Authored by krzysz00 on Aug 21 2023, 2:59 PM.

Details

Summary

This commit adds the -lower-buffer-fat-pointers pass, which is
applicable to all AMDGCN compilations.

The purpose of this pass is to remove the type ptr addrspace(7) from
incoming IR. This must be done at the LLVM IR level because `ptr
addrspace(7)`, as a 160-bit primitive type, cannot be correctly
handled by SelectionDAG.

The detailed operation of the pass is described in comments, but, in
summary, the removal proceeds by:

  1. Rewriting loads and stores of ptr addrspace(7) to loads and stores

of i160 (including vectors and aggregates). This is needed because the
in-register representation of these pointers will stop matching their
in-memory representation in step 2, and so ptrtoint/inttoptr
operations are used to preserve the expected memory layout

  1. Mutating the IR to replace all occurrences of ptr addrspace(7)

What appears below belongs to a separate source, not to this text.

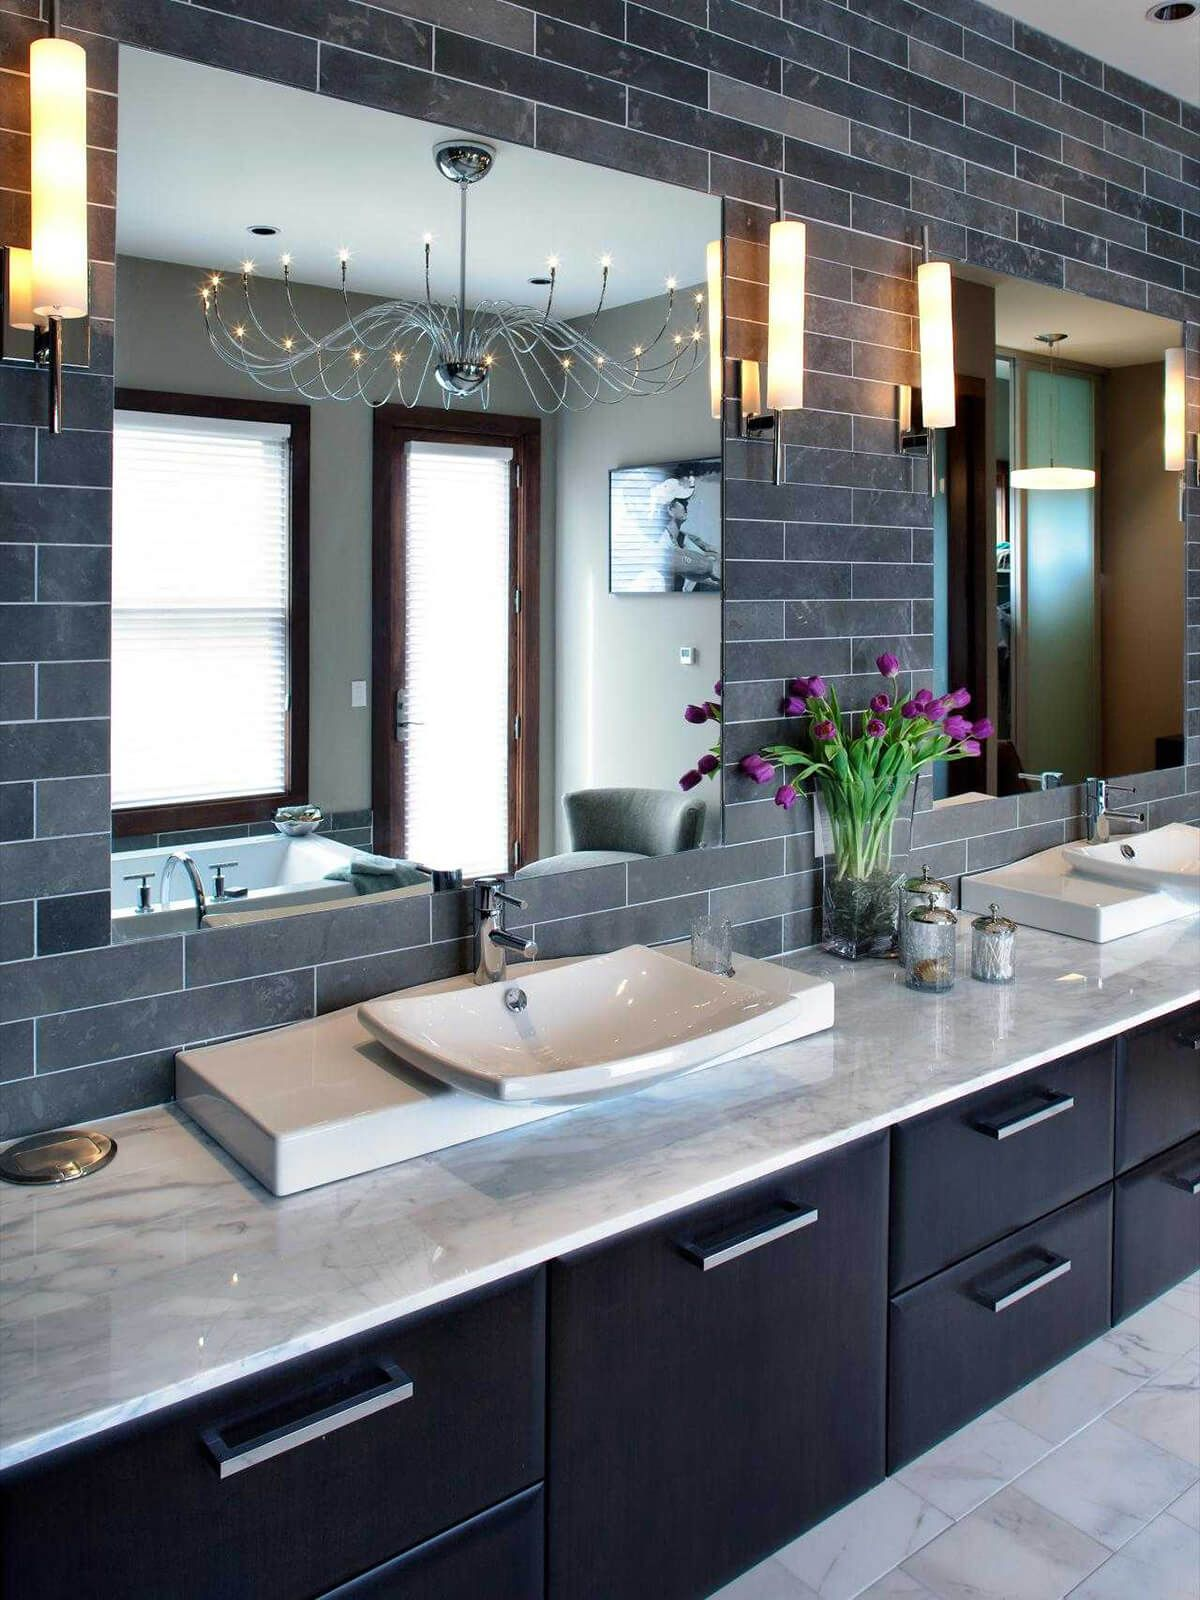 25 Inspiring Bathroom Sink Ideas To Add Style And Color To Your Bathroom Modern Master Bathroom Contemporary Bathrooms Bathroom Color Schemes

with the type {ptr addrspace(8), ptr addrspace(6) }, which makes the
two parts of a buffer fat pointer (the 128-bit address space 8
resource and the 32-bit address space 6 offset) visible in the IR.
This also impacts the argument and return types of functions.

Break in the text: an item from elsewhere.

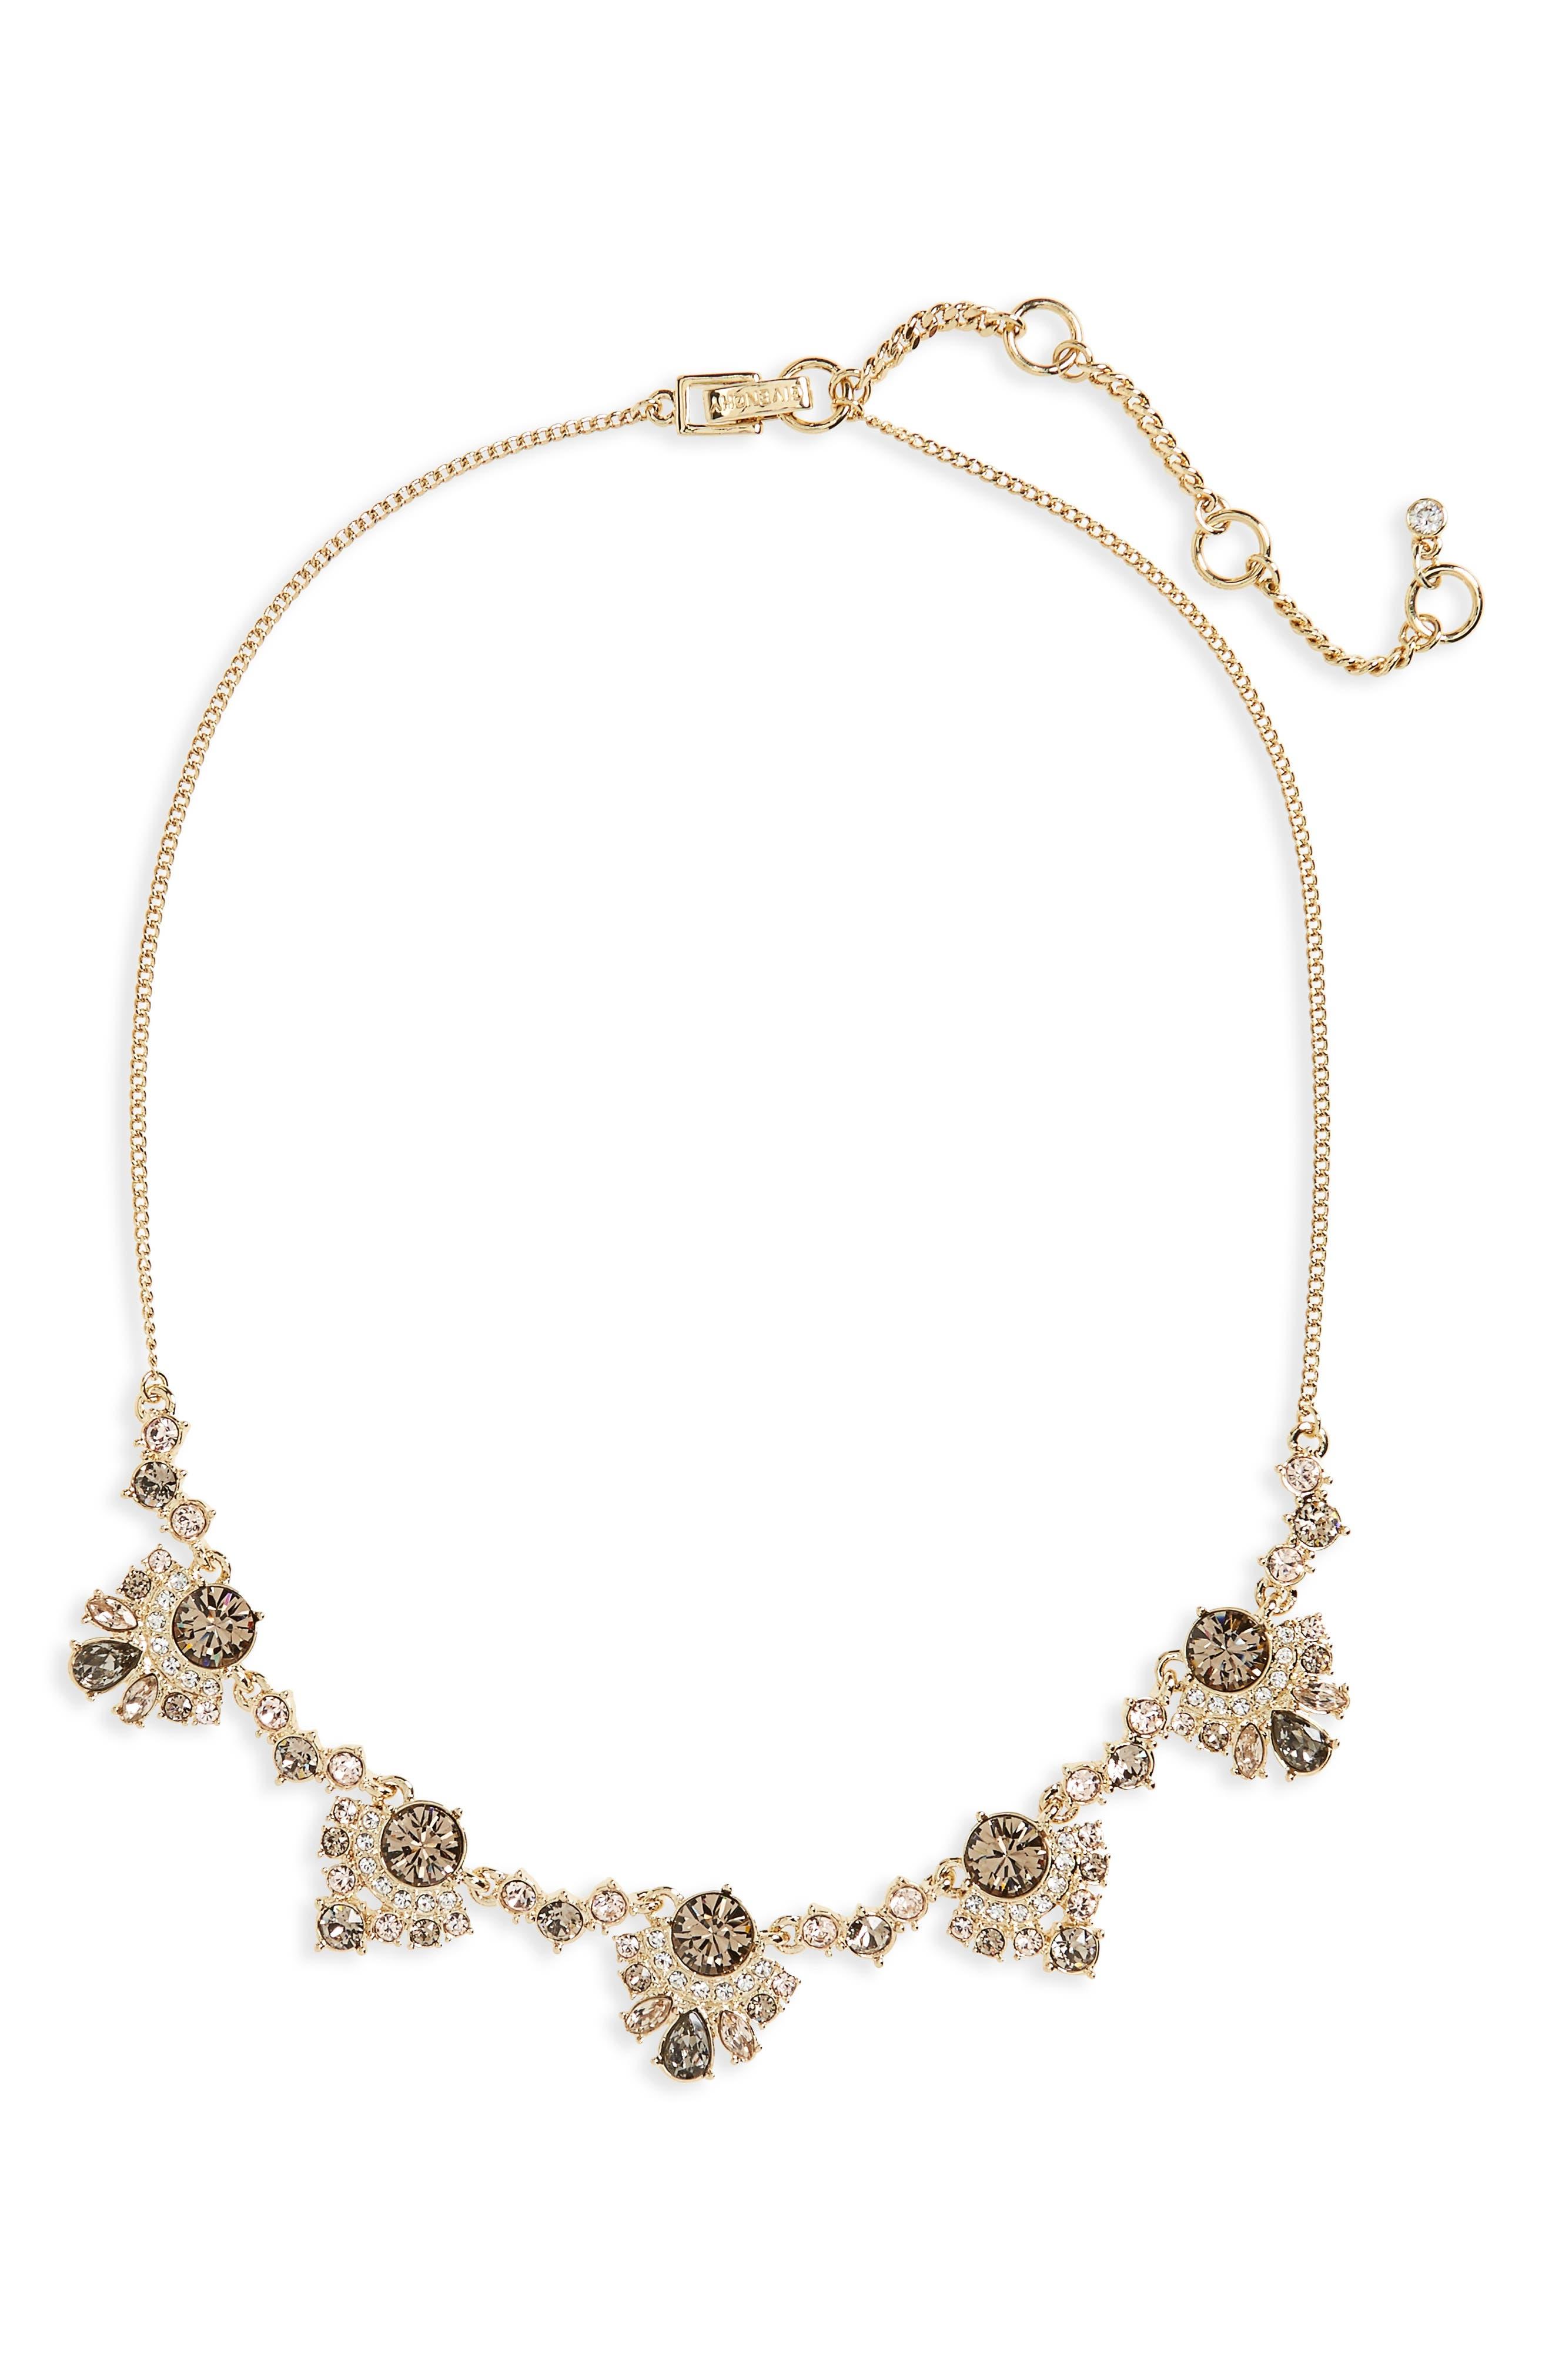 Verona Frontal Necklace,                         Main,                         color, Greige / Gold

  1. *Splitting* the resource and offset parts. All instructions that

produce or consume buffer fat pointers (like GEP or load) are
rewritten to produce or consume the resource and offset parts
separately. For example, GEP updates the offset part of the result and
a load uses the resource and offset parts to populate the relevant
llvm.amdgcn.raw.ptr.buffer.load intrinsic call.

At the end of this process, the original mutated instructions are
replaced by their new split counterparts, ensuring no invalidly-typed
IR escapes this pass. (For operations like call, where the struct form
is needed, insertelement operations are inserted).

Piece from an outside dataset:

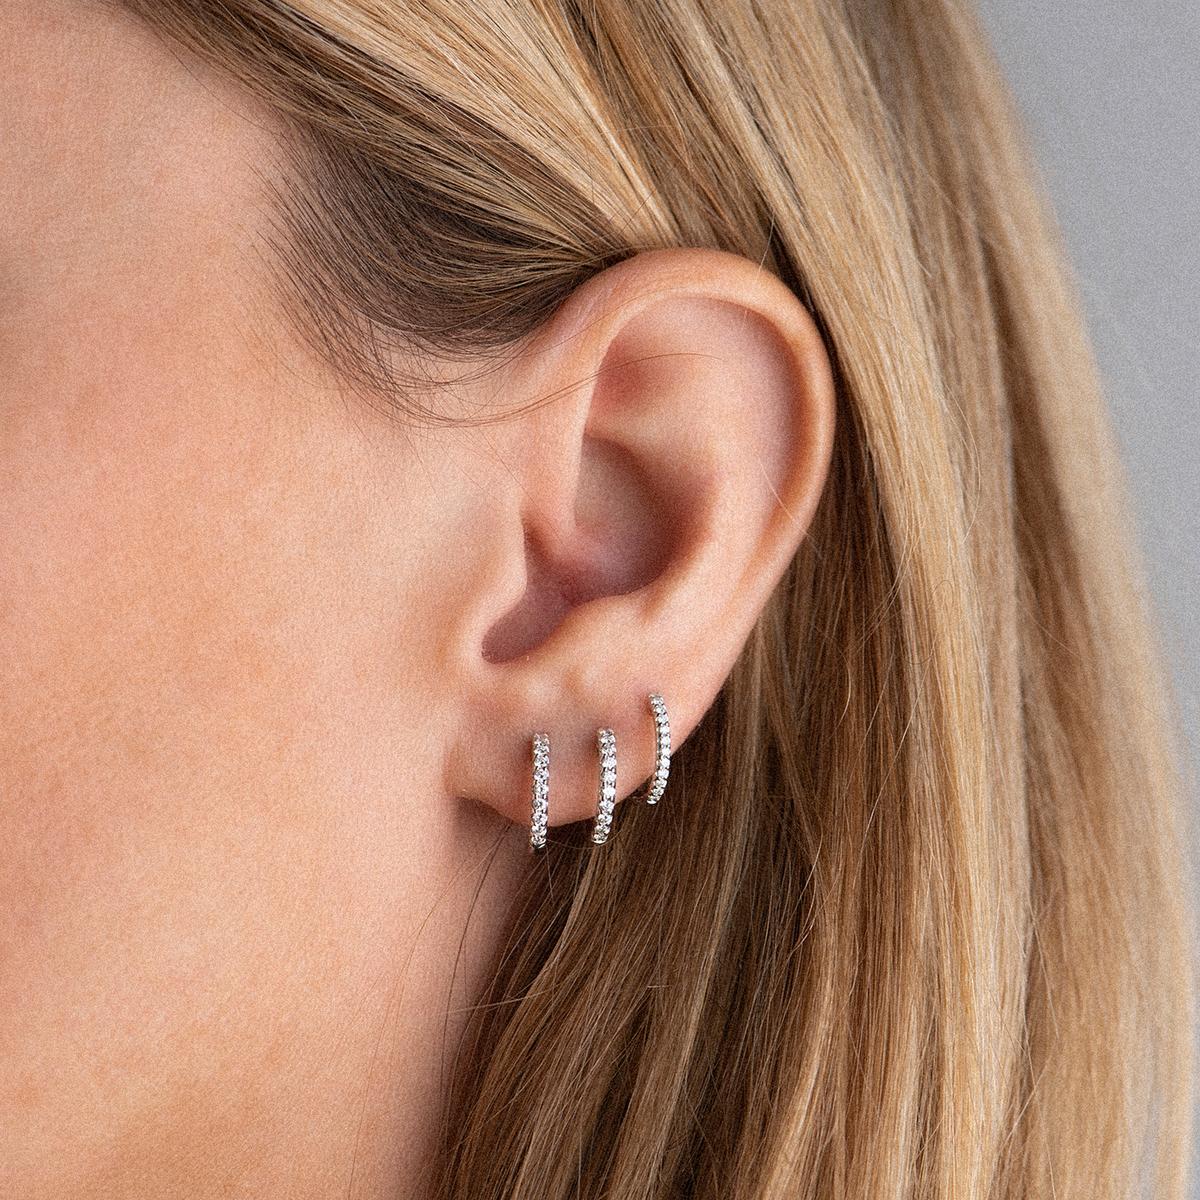 ischia basics earrings in yellow gold

Compared to LGC's PatchBufferOp (
https://github.com/GPUOpen-Drivers/llpc/blob/32cda89776980202597d5bf4ed4447a1bae64047/lgc/patch/PatchBufferOp.cpp
): this pass

  • Also handles vectors of ptr addrspace(7)s
  • Also handles function boundaries
  • Includes the same uniform buffer optimization for loops and

conditionals

  • Does *not* handle memcpy() and friends (this is future work)
  • Does *not* break up large loads and stores into smaller parts. This

should be handled by extending the legalization
of *.buffer.{load,store} to handle larger types by producing multiple
instructions (the same way ordinary LOAD and STORE are legalized).
That work is planned for a followup commit.

  • Does *not* have special logic for handling divergent buffer

descriptors. The logic in LGC is, as far as I can tell, incorrect in
general, and, per discussions with @nhaehnle, isn't widely used.
Therefore, divergent descriptors are handled with waterfall loops
later in legalization.

As a final matter, this commit updates atomic expansion to treat
buffer operations analogously to global ones.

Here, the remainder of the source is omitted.